__Work to complete__. Quote all of the data that follows exactly as written, skipping the images.

__Data extract__.

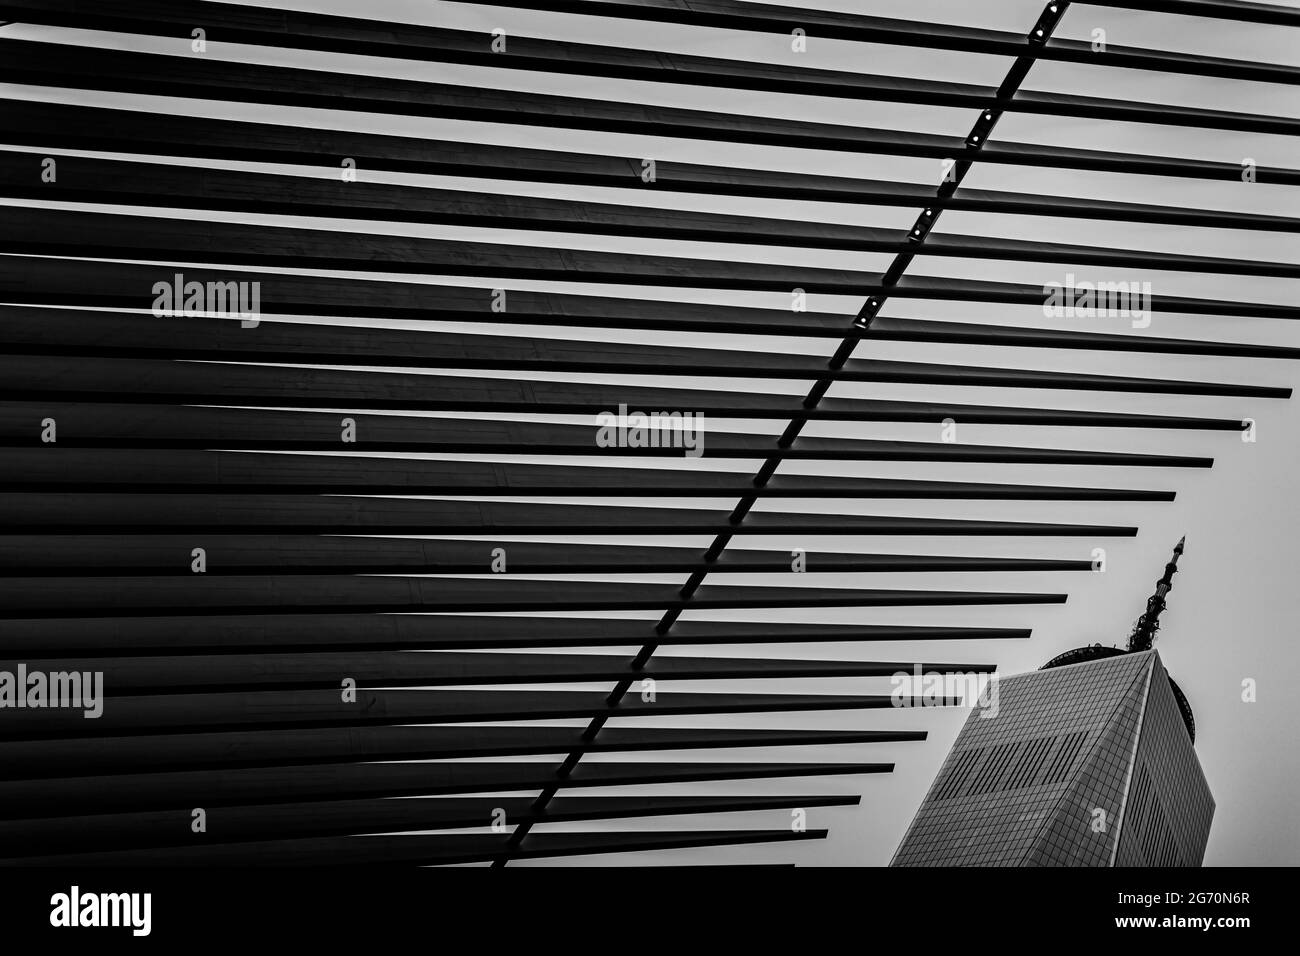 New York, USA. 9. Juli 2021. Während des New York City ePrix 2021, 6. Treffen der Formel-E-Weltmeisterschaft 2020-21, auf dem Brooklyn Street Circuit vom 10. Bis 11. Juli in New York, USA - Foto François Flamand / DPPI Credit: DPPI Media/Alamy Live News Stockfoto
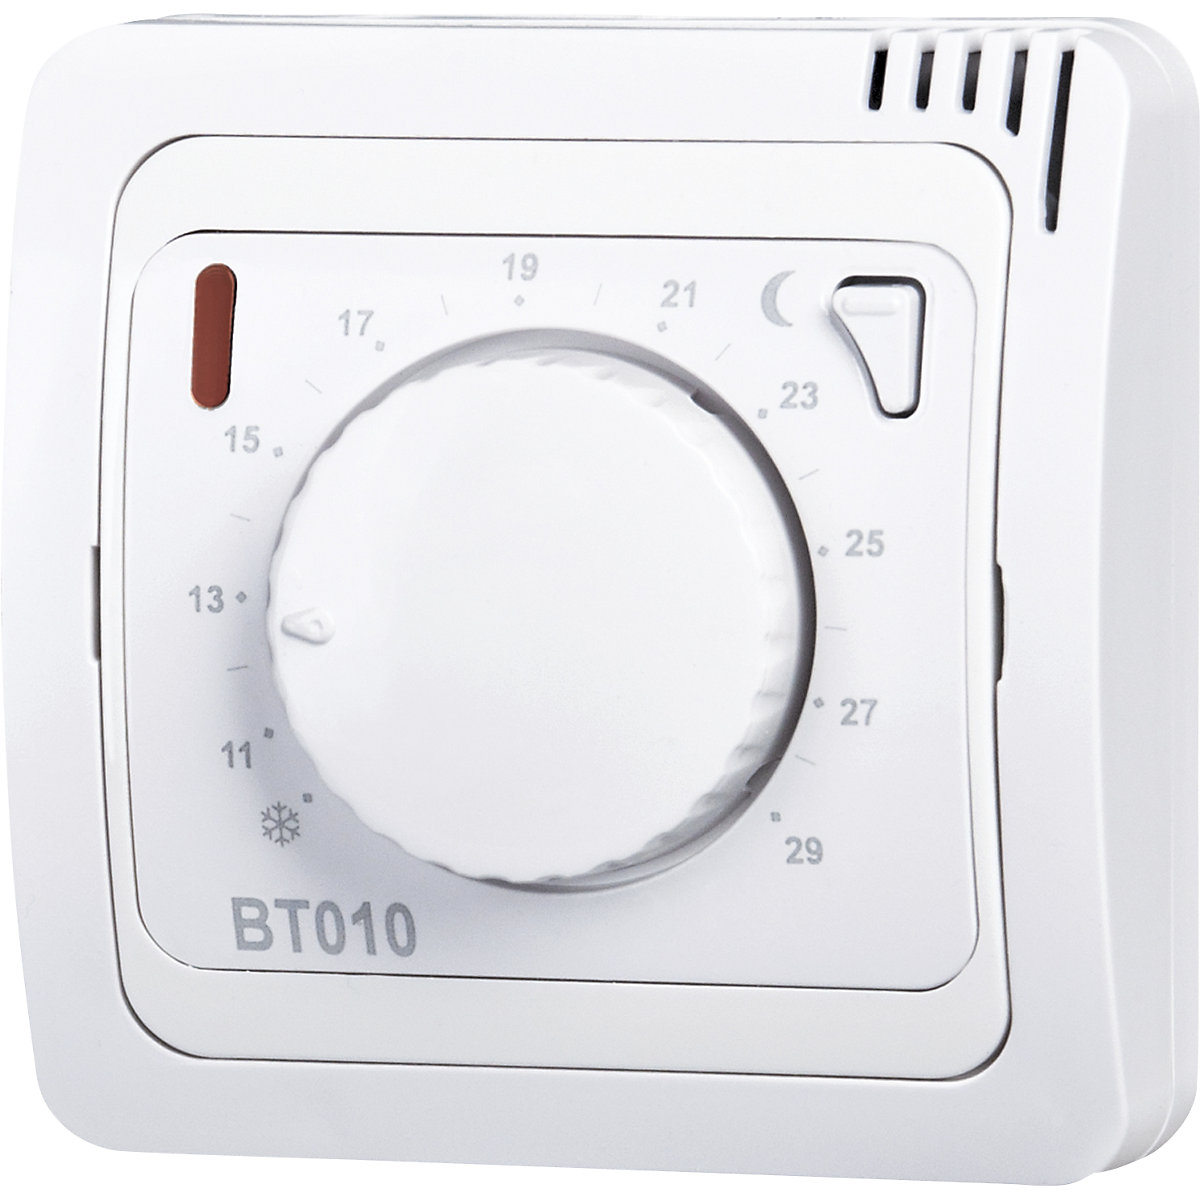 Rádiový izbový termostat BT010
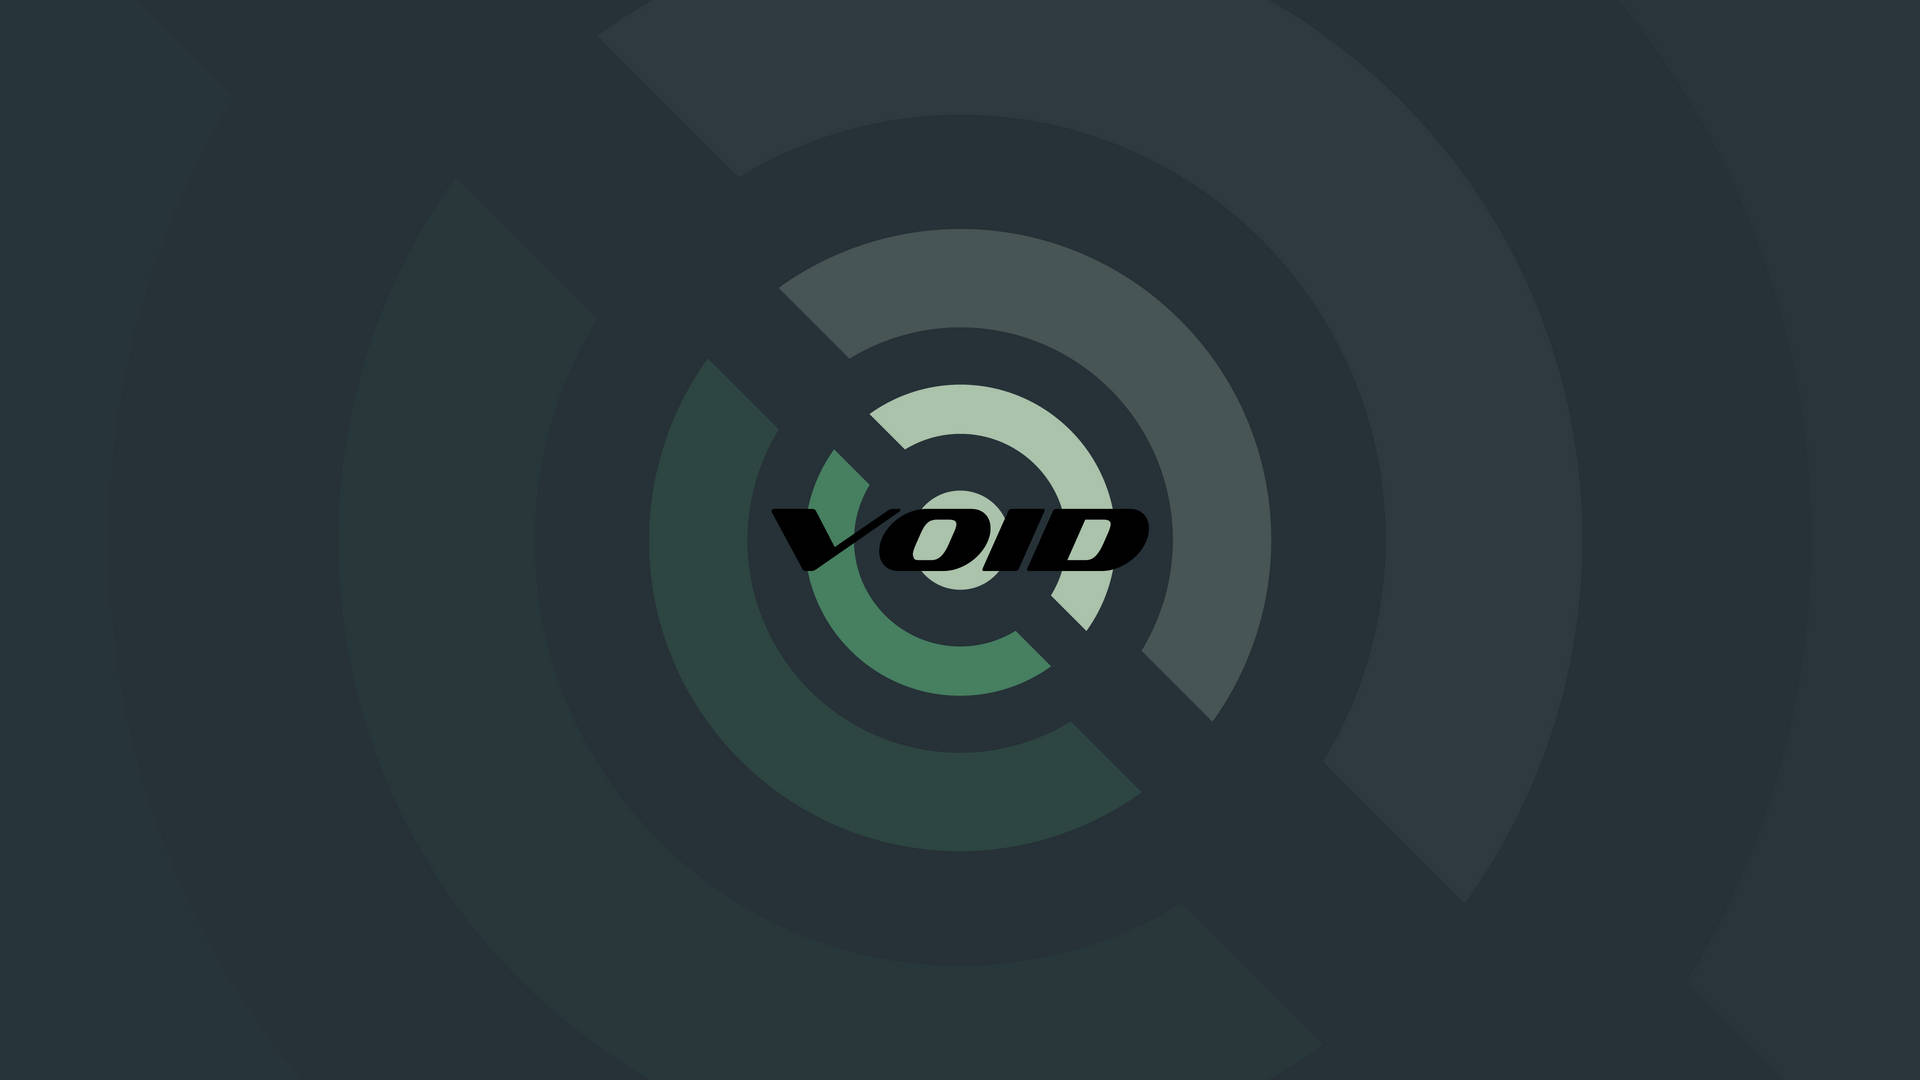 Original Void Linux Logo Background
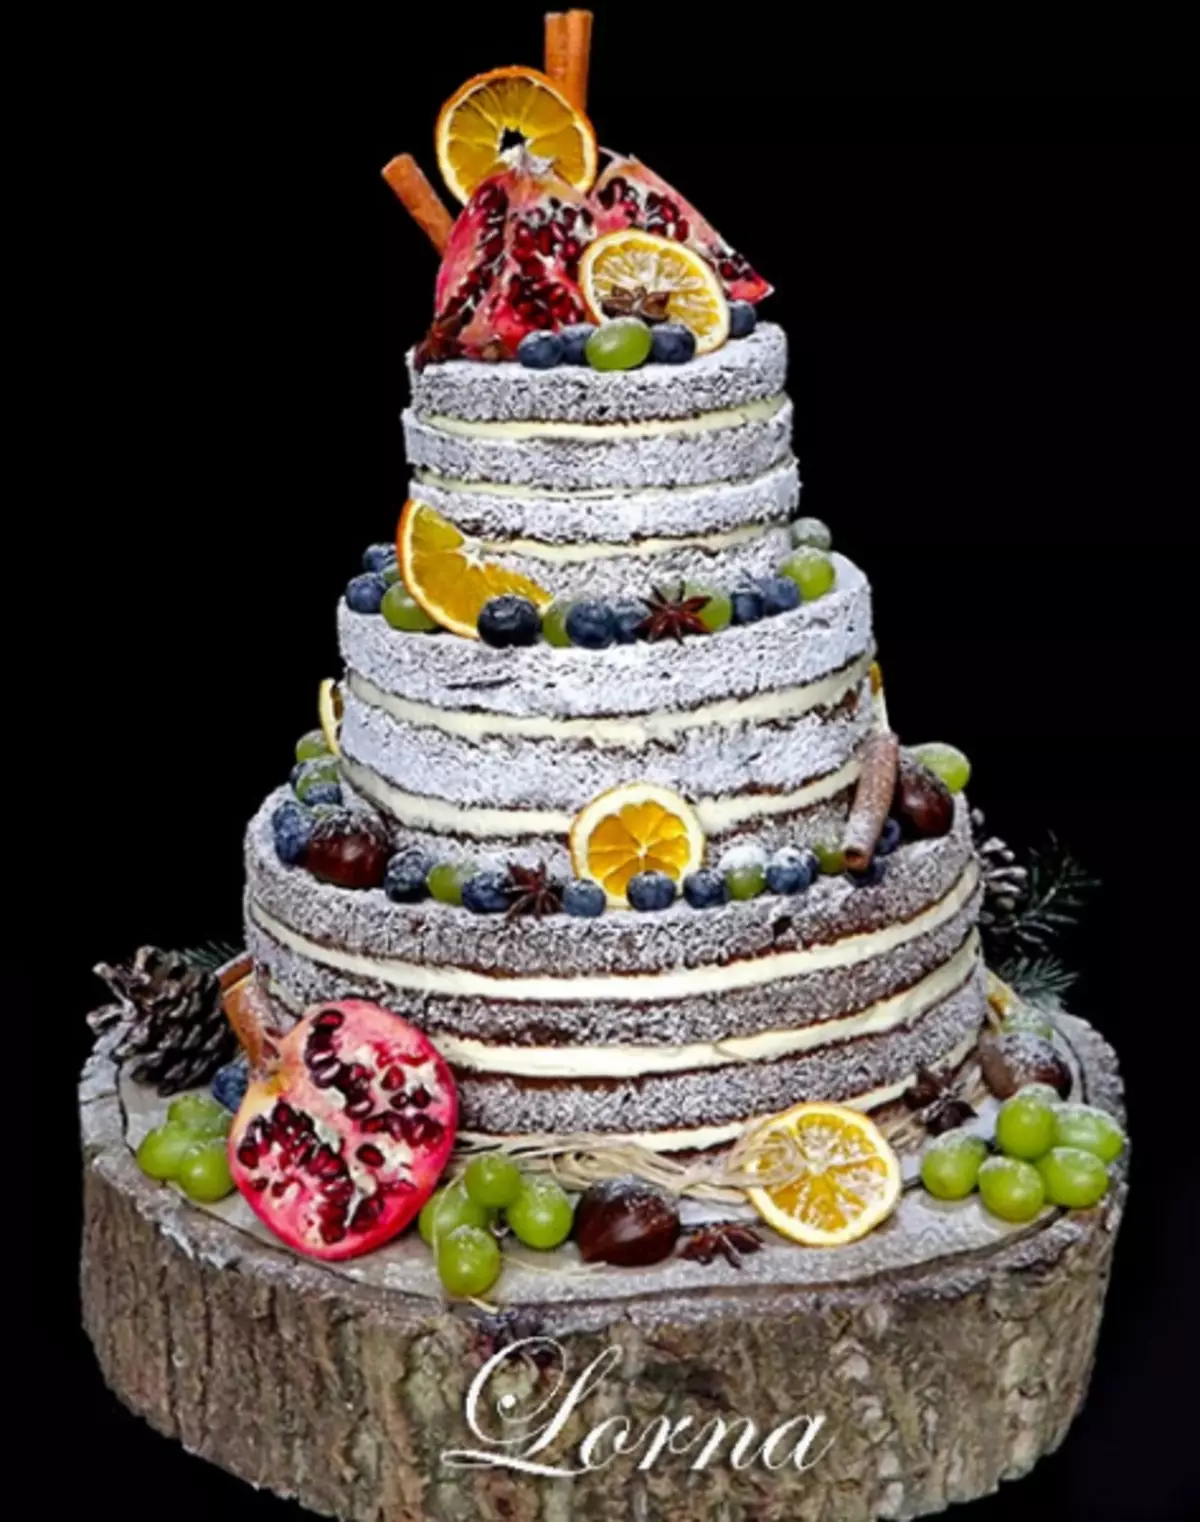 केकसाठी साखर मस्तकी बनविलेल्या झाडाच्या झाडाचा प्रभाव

__Task response__.
 New York, USA. 9. Juli 2021. Während des New York City ePrix 2021, 6. Treffen der Formel-E-Weltmeisterschaft 2020-21, auf dem Brooklyn Street Circuit vom 10. Bis 11. Juli in New York, USA - Foto François Flamand / DPPI Credit: DPPI Media/Alamy Live News Stockfoto
 Rádiový izbový termostat BT010
 Original Void Linux Logo Background
 केकसाठी साखर मस्तकी बनविलेल्या झाडाच्या झाडाचा प्रभाव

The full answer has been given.